Impacto sobre os brasileiros em Portugal

Os cerca de 500 mil brasileiros regularizados, fora os já naturalizados, formam a maior comunidade estrangeira em Portugal e a principal força de trabalho imigrante do país.

Comte afirma que a lei ignora os laços históricos e afetivos entre Brasil e Portugal, bem como o espírito de cooperação da CPLP.

“O governo português alega lealdade europeia, mas é uma mentira. A Espanha exige dez anos de residência, sim, mas tem um regime especial de apenas dois anos para ibero-americanos. Portugal está indo na direção oposta.”

O que acontece agora

Com a aprovação no Parlamento, o texto segue para análise do presidente Marcelo Rebelo de Sousa, que tem três opções:

  1. Sancionar a lei;
  2. Vetá-la parcialmente ou integralmente;
  3. Enviá-la ao Tribunal Constitucional, pedindo parecer sobre eventuais violações da Constituição.

Para Isabel Comte, a última opção é a mais provável.

“Marcelo tem um papel fundamental como guardião da Constituição. Enviar o texto ao Tribunal Constitucional é um gesto de responsabilidade e coerência”, disse.

Repercussão política

O tema provocou intenso debate em Lisboa.

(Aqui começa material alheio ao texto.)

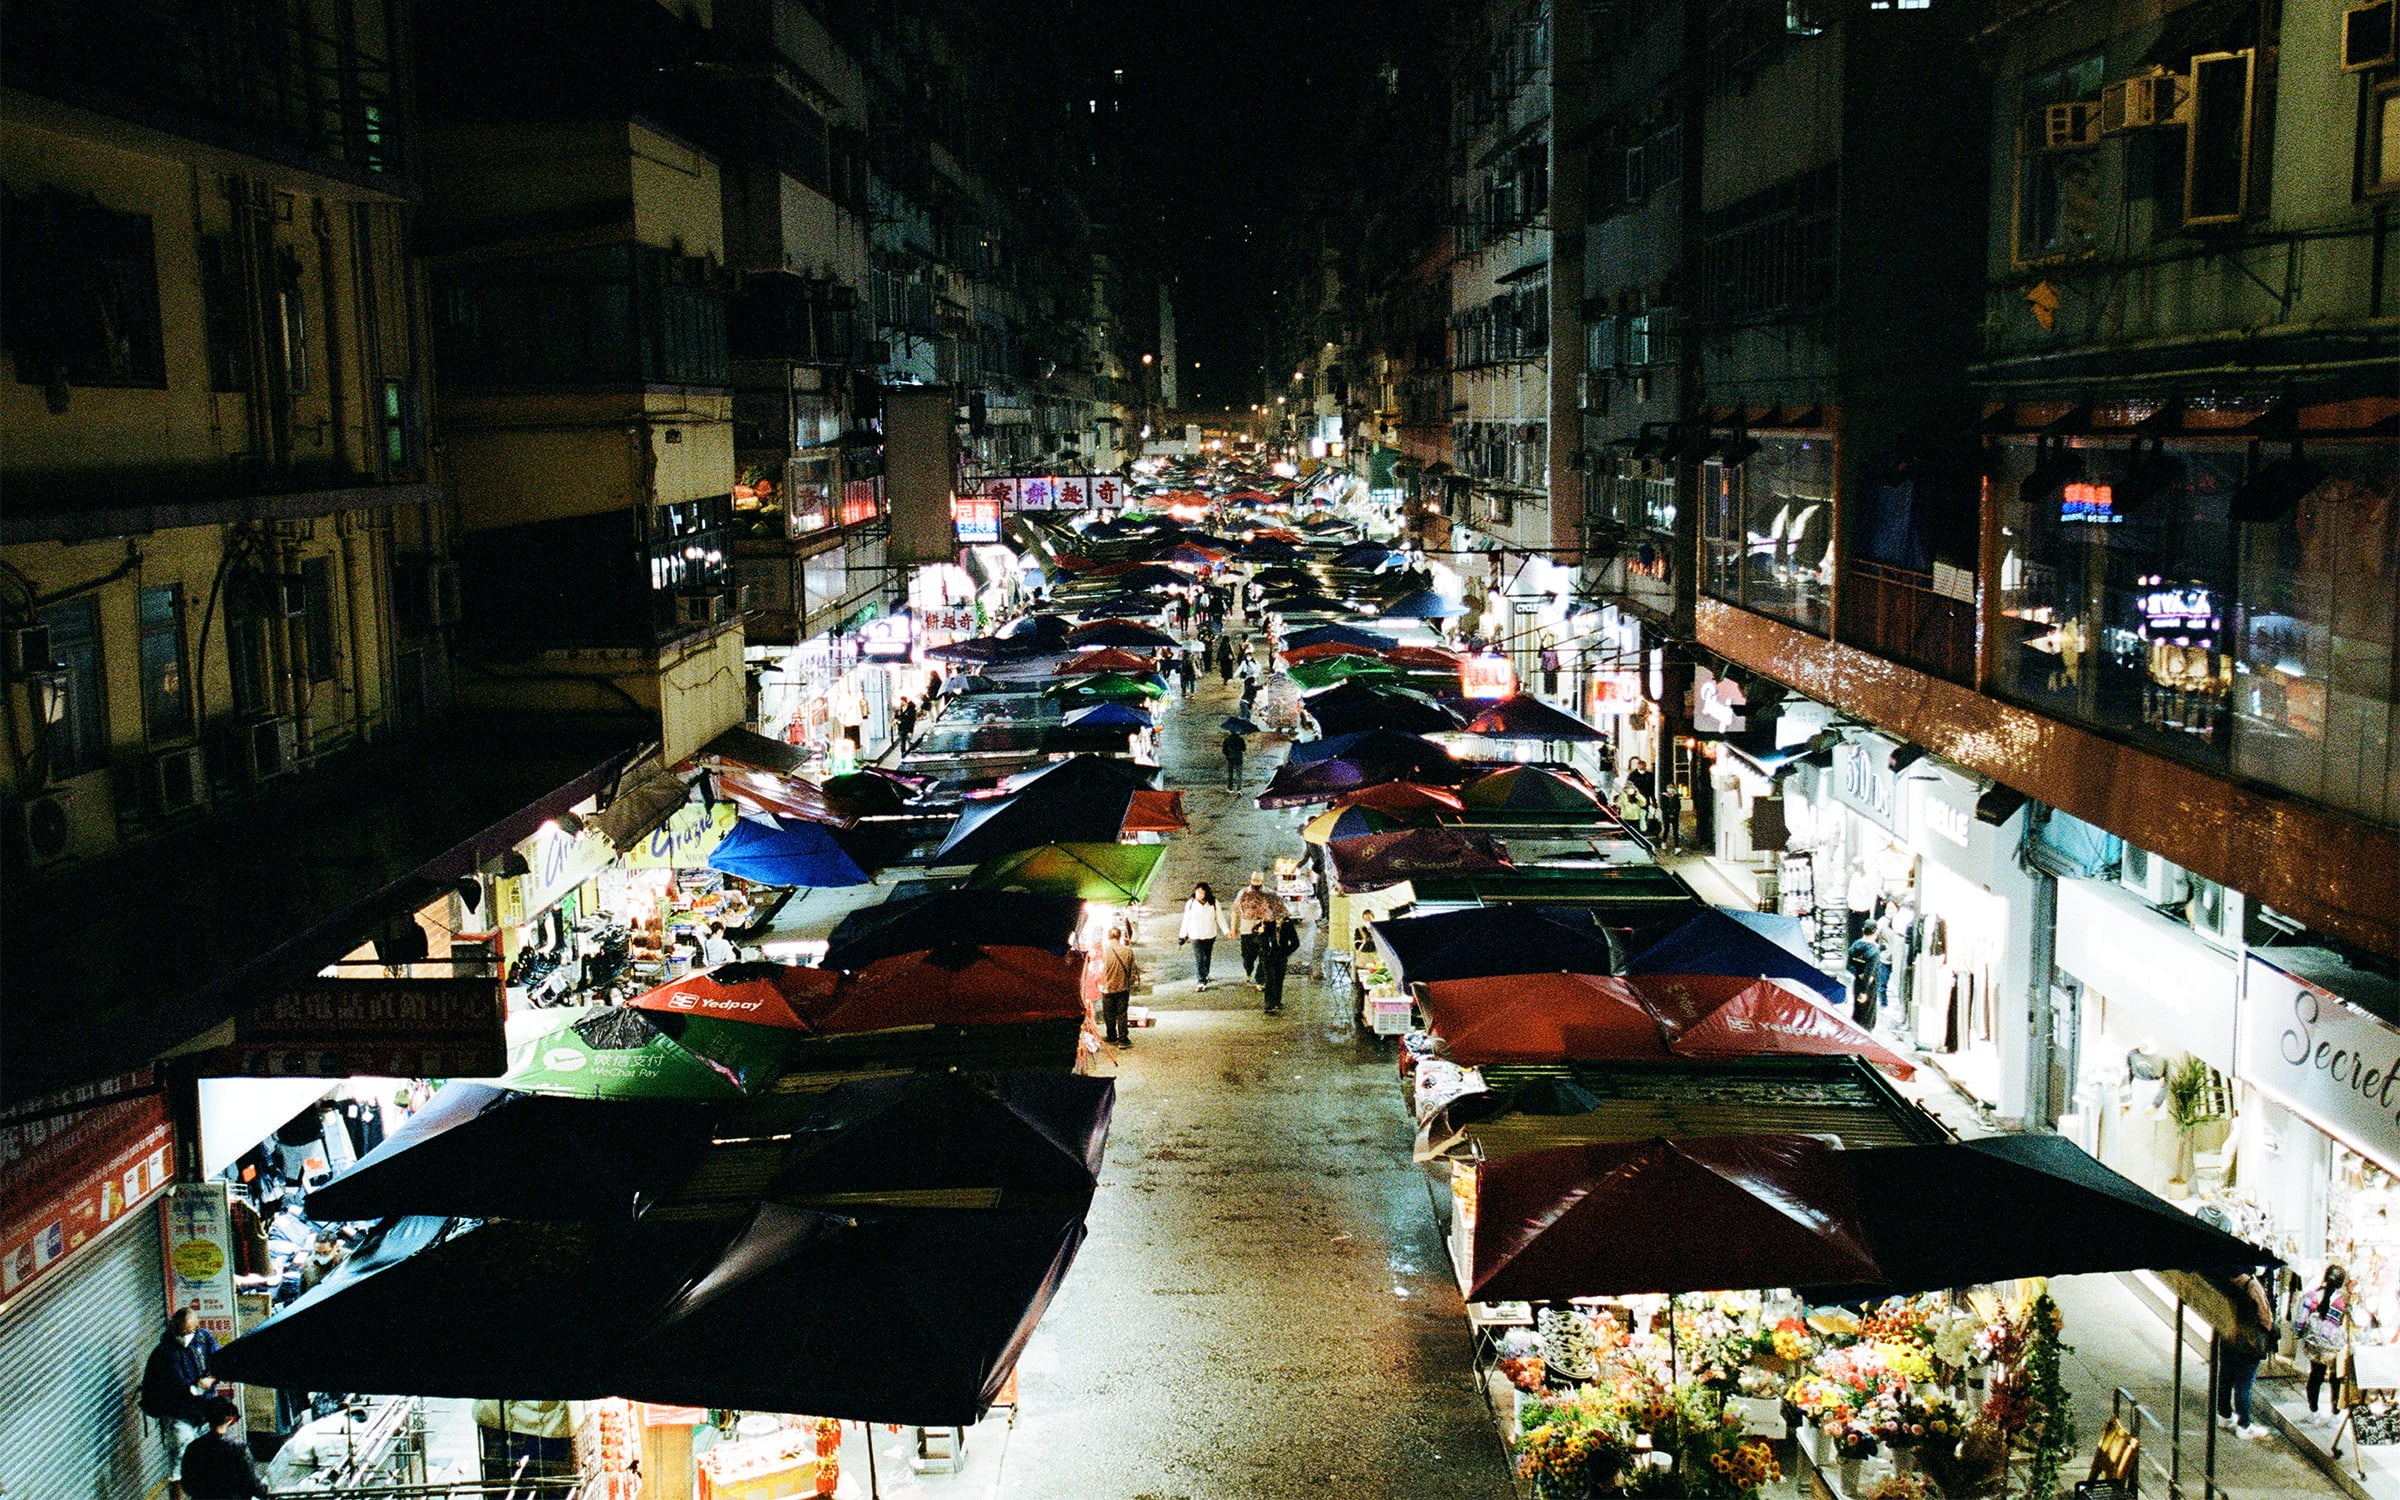 Une scène de nuit au marché de Kowloon. Photographie de Luke Casey pour Art Basel.

Partidos de esquerda, como o Bloco de Esquerda e o Partido Comunista Português, acusam o governo de ceder à retórica anti-imigração do partido Chega, que apoiou o texto.

Já a Aliança Democrática (AD) defende que as mudanças são “necessárias para proteger a identidade nacional e garantir segurança jurídica”.

Enquanto o impasse segue, milhares de brasileiros e outros imigrantes aguardam com incerteza o desfecho da nova lei da cidadania portuguesa, que pode redefinir as regras de naturalização nos próximos anos.